= Beginning of Section =

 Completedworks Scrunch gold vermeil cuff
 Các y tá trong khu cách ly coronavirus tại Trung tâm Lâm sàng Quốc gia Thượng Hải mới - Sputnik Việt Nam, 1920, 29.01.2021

= End of Section =
= Beginning of Section =

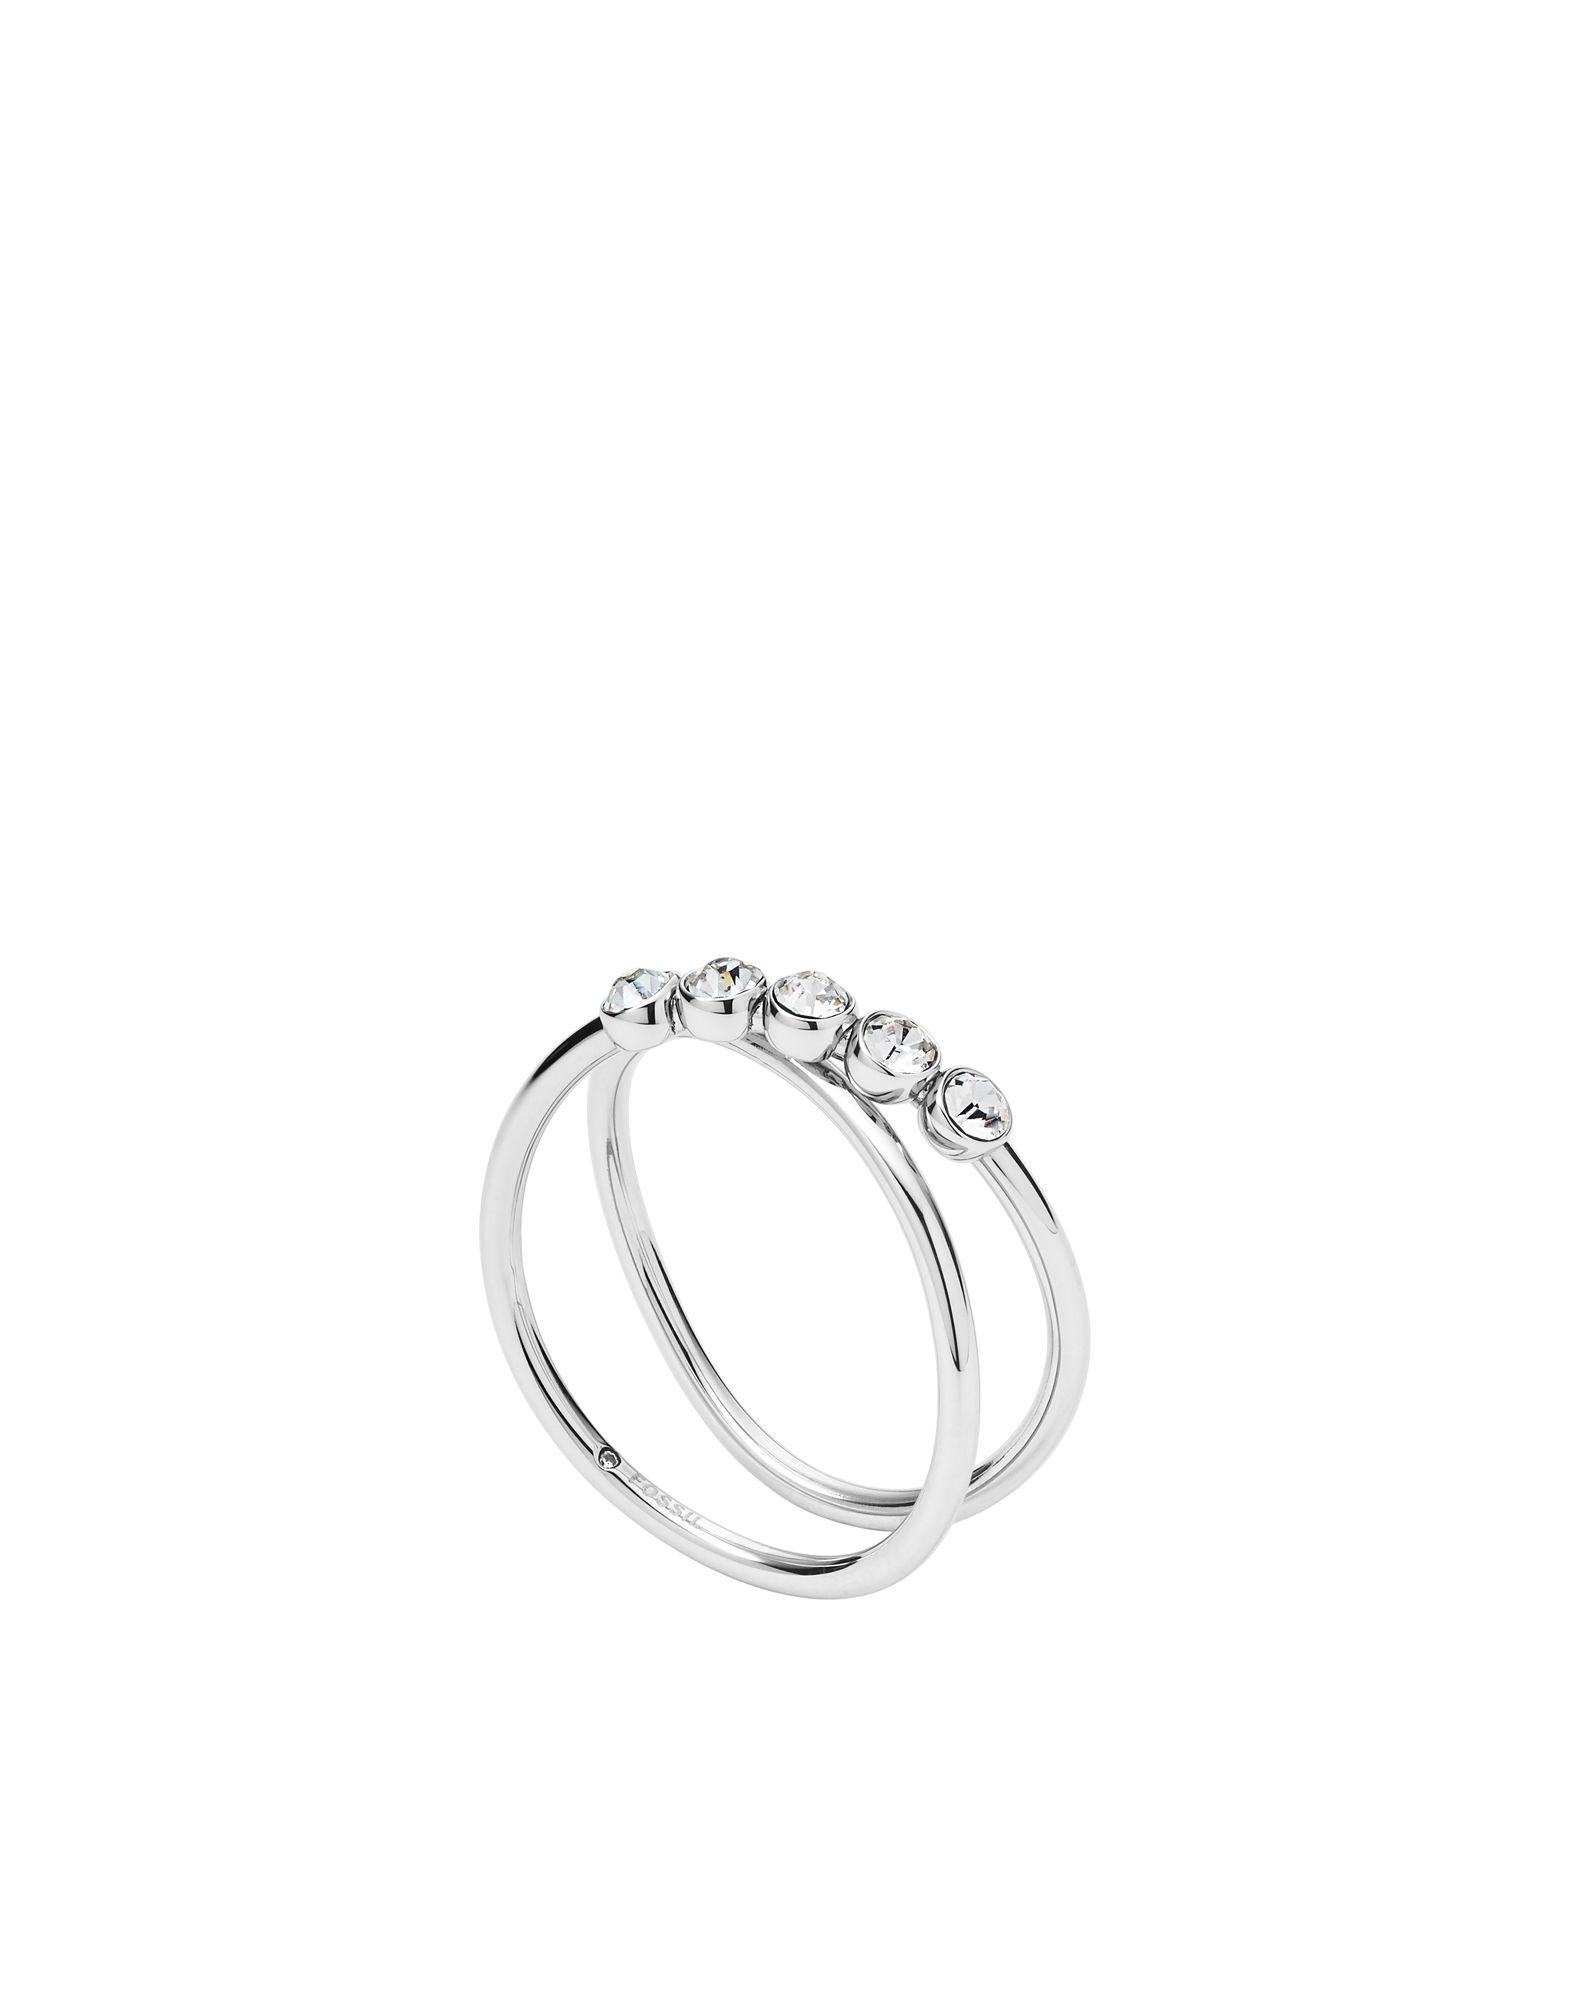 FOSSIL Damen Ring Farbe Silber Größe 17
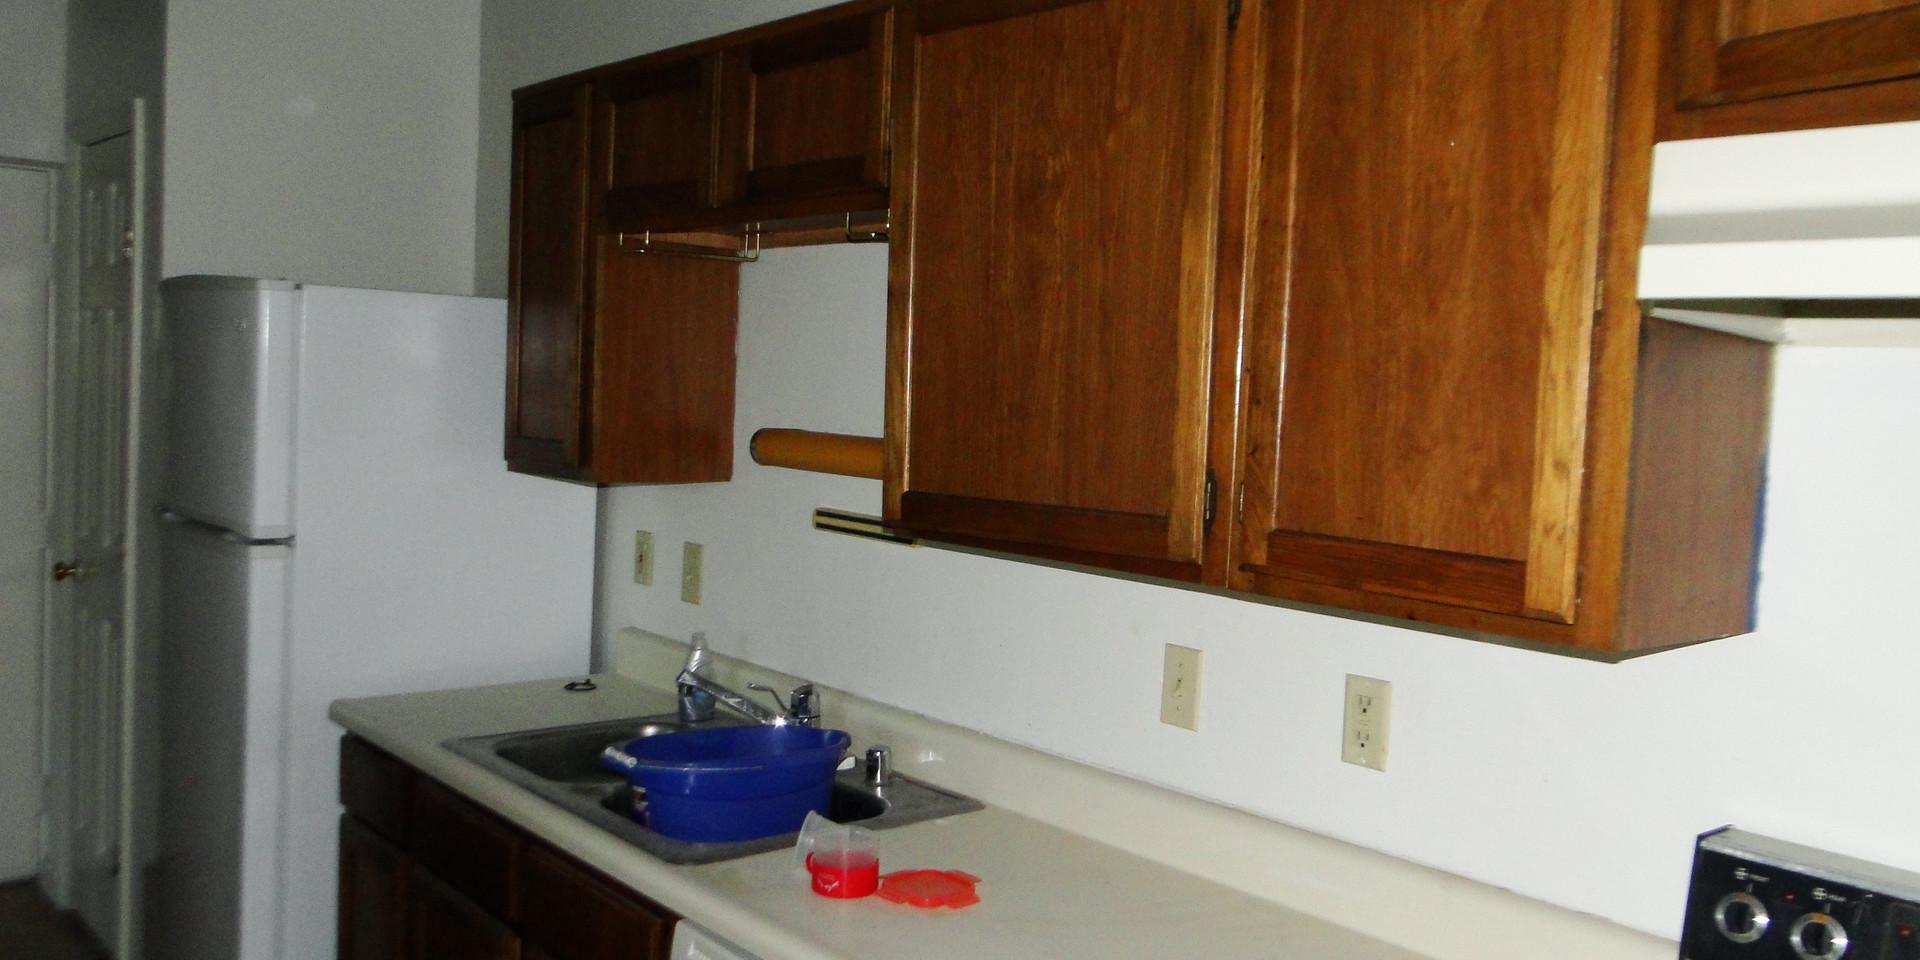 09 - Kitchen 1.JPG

= End of Section =
= Beginning of Section =

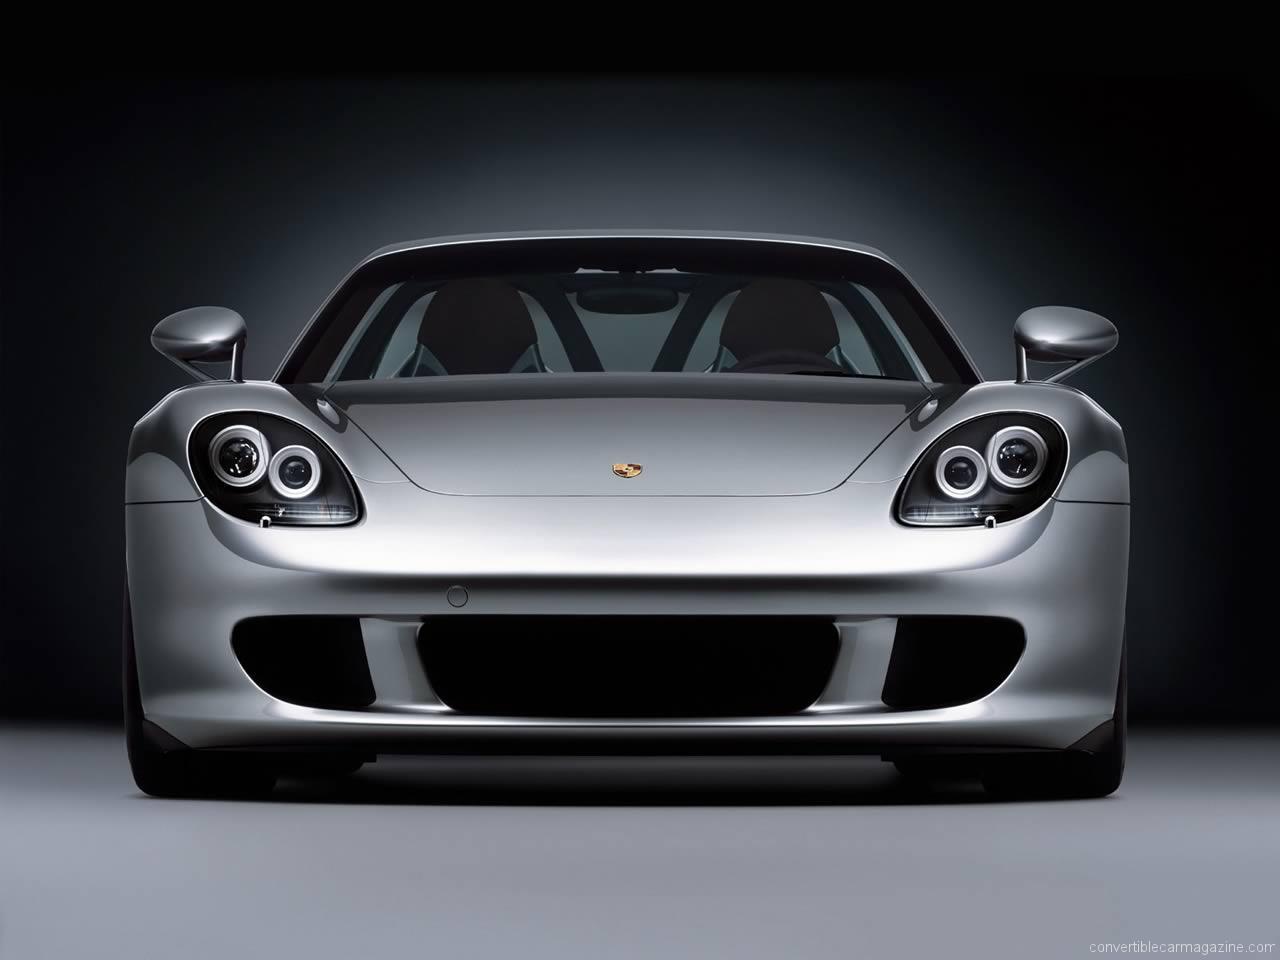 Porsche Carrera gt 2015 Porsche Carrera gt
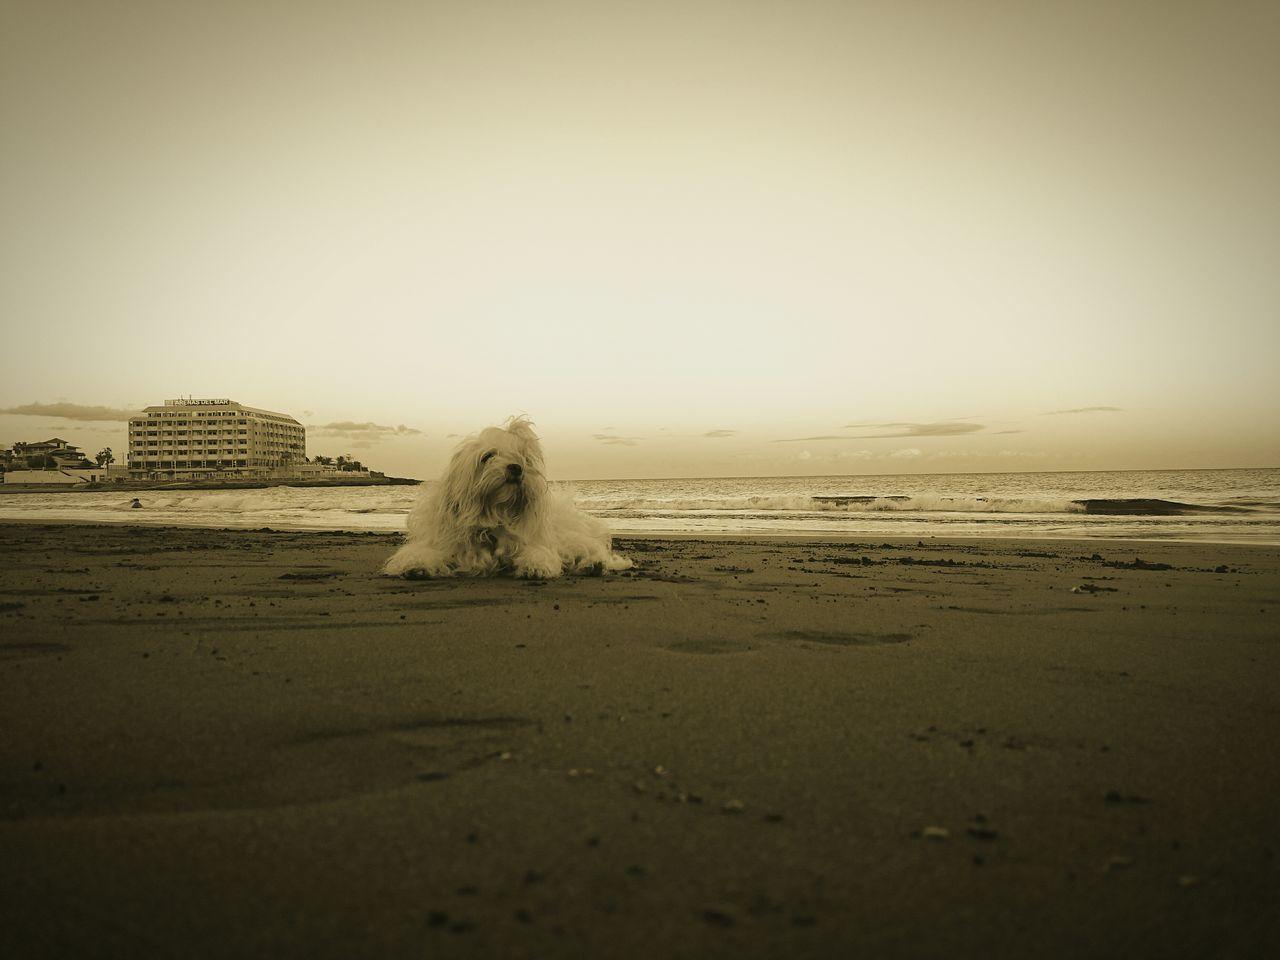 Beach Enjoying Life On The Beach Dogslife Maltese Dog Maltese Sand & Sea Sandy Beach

= End of Section =

#### [ASSIGNMENT]
Copy exactly the stretch of data above from the line with "Completedworks Scrunch gold vermeil cuff" through the line with "Các y tá trong", and omit all other lines.

#### [TASK OUTPUT]
 Completedworks Scrunch gold vermeil cuff
 Các y tá trong khu cách ly coronavirus tại Trung tâm Lâm sàng Quốc gia Thượng Hải mới - Sputnik Việt Nam, 1920, 29.01.2021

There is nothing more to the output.